Application of lignin as natural adhesion promoter in cotton fibre-reinforced poly(lactic acid) (PLA) composites

  • Nina GraupnerEmail author
Article

Abstract

This study investigated how lignin—used as a natural adhesion promoter in biodegradable, thermoplastic cotton fibre-reinforced composites—influences the composites’ mechanical properties. Composites with fibre mass proportions of 40% were produced by compression moulding. Poly(lactic acid) (PLA), a biopolymer, served as matrix. Cotton/PLA composites with and without lignin content were manufactured. As reference samples of bast fibre-reinforced composites, kenaf/PLA composites were produced under the same conditions. The composites were tested for stiffness, tensile strength, elongation at break and impact strength.
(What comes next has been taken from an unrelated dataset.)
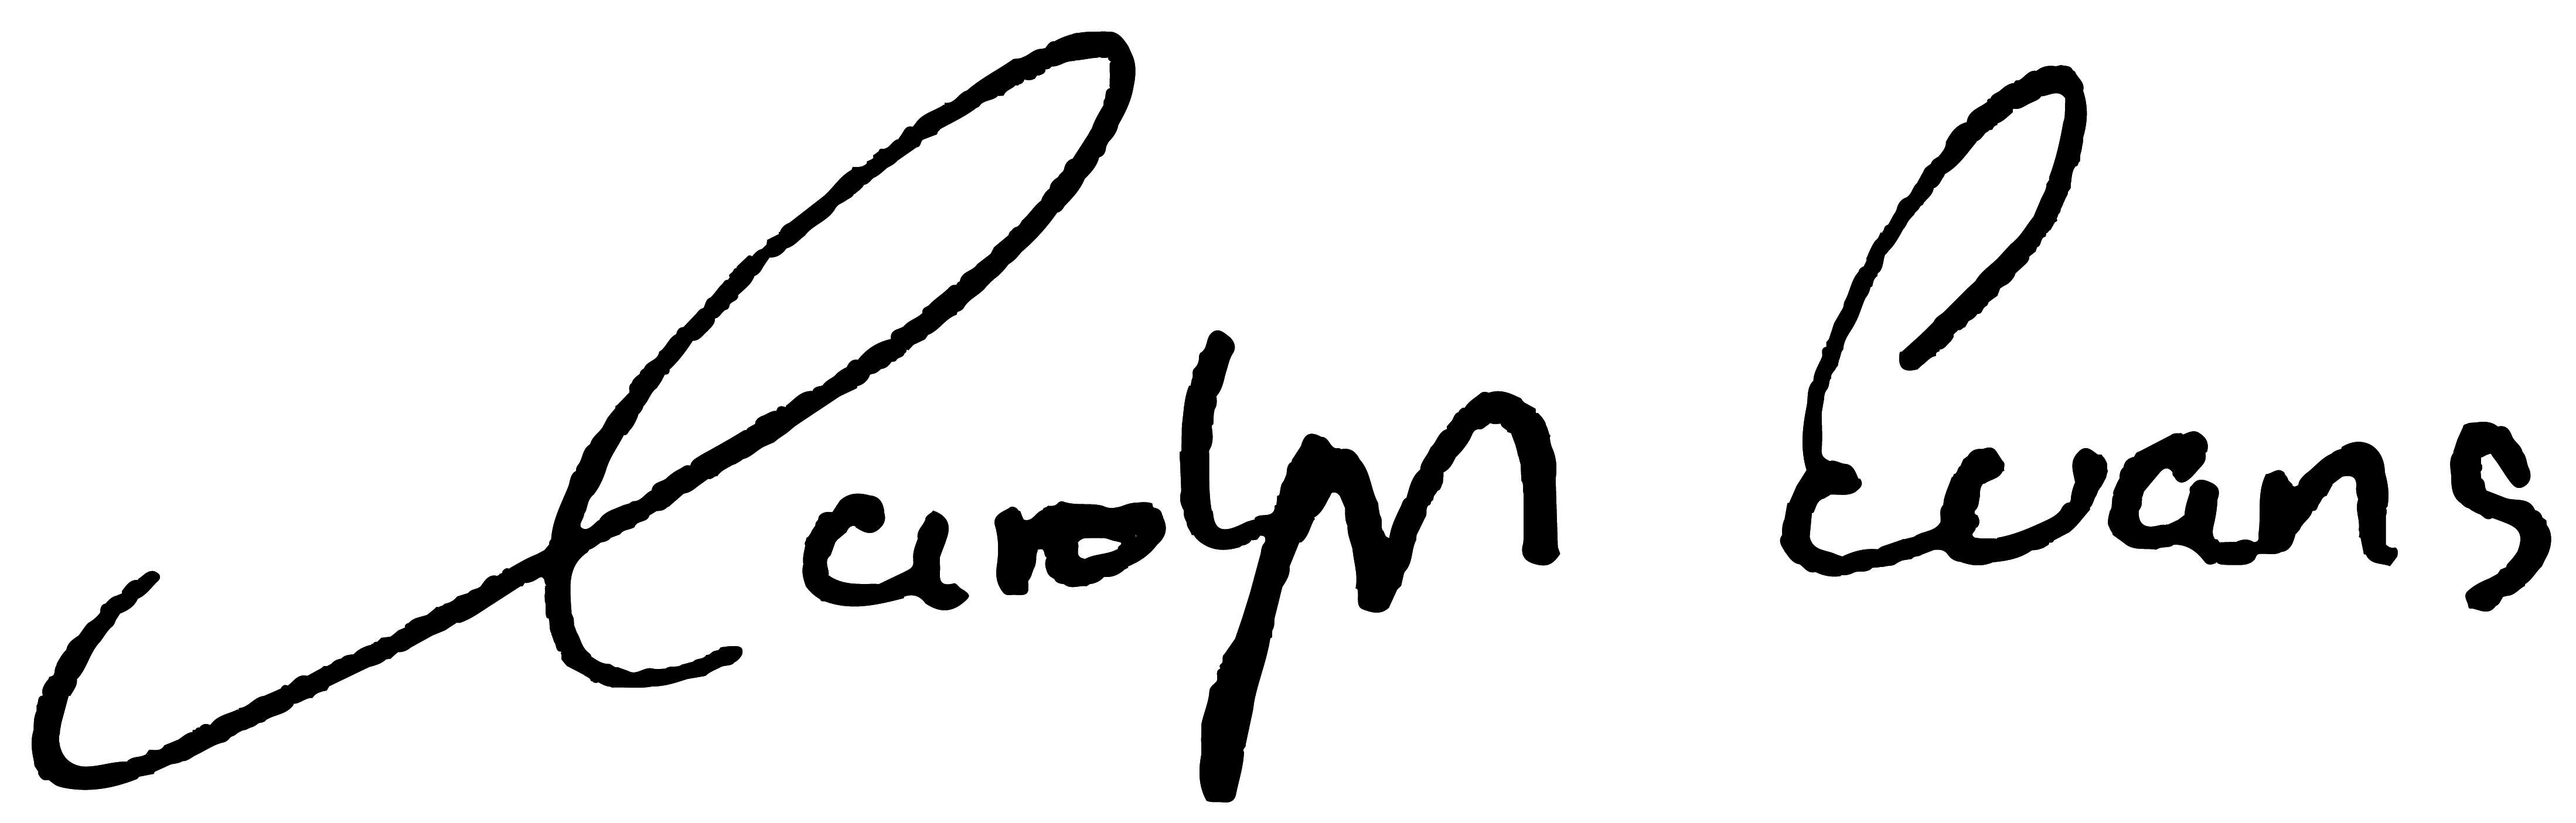 signature of Professor Carolyn Evans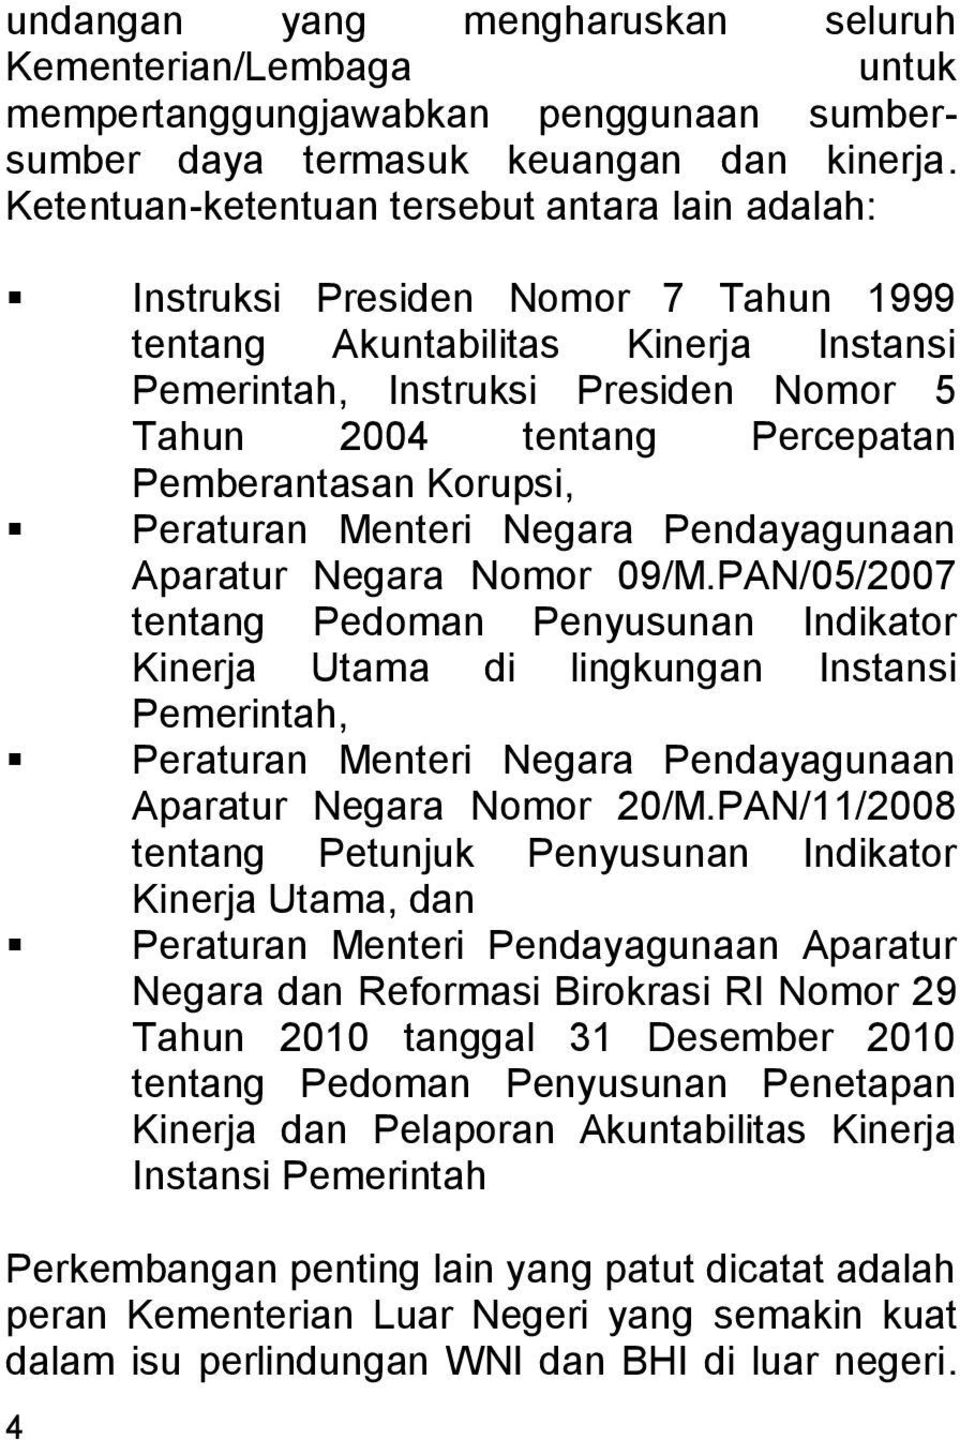 Pemberantasan Korupsi, Peraturan Menteri Negara Pendayagunaan Aparatur Negara Nomor 09/M.

Fractured surfaces were analysed using scanning electron microscopy (SEM). The results of the composite investigations showed that the addition of lignin has an influence on the cotton/PLA composite characteristics. SEM investigations showed that the adhesion between fibre and matrix could be improved by the addition of lignin. Tensile characteristics like tensile strength and Young’s modulus could be improved clearly, while the impact properties were decreased.

Keywords

Lignin Impact Strength Cotton Fibre Hemp Kenaf 

Notes

Acknowledgements

The author thanks Mrs. Dinara Abdulajeva, Mrs. Manuela von Salzen and Mrs. Tanja Slootmaker for their technical support. Special thanks also to Dr. Britta Lohmeyer for supplying lignin and for the interesting discussions.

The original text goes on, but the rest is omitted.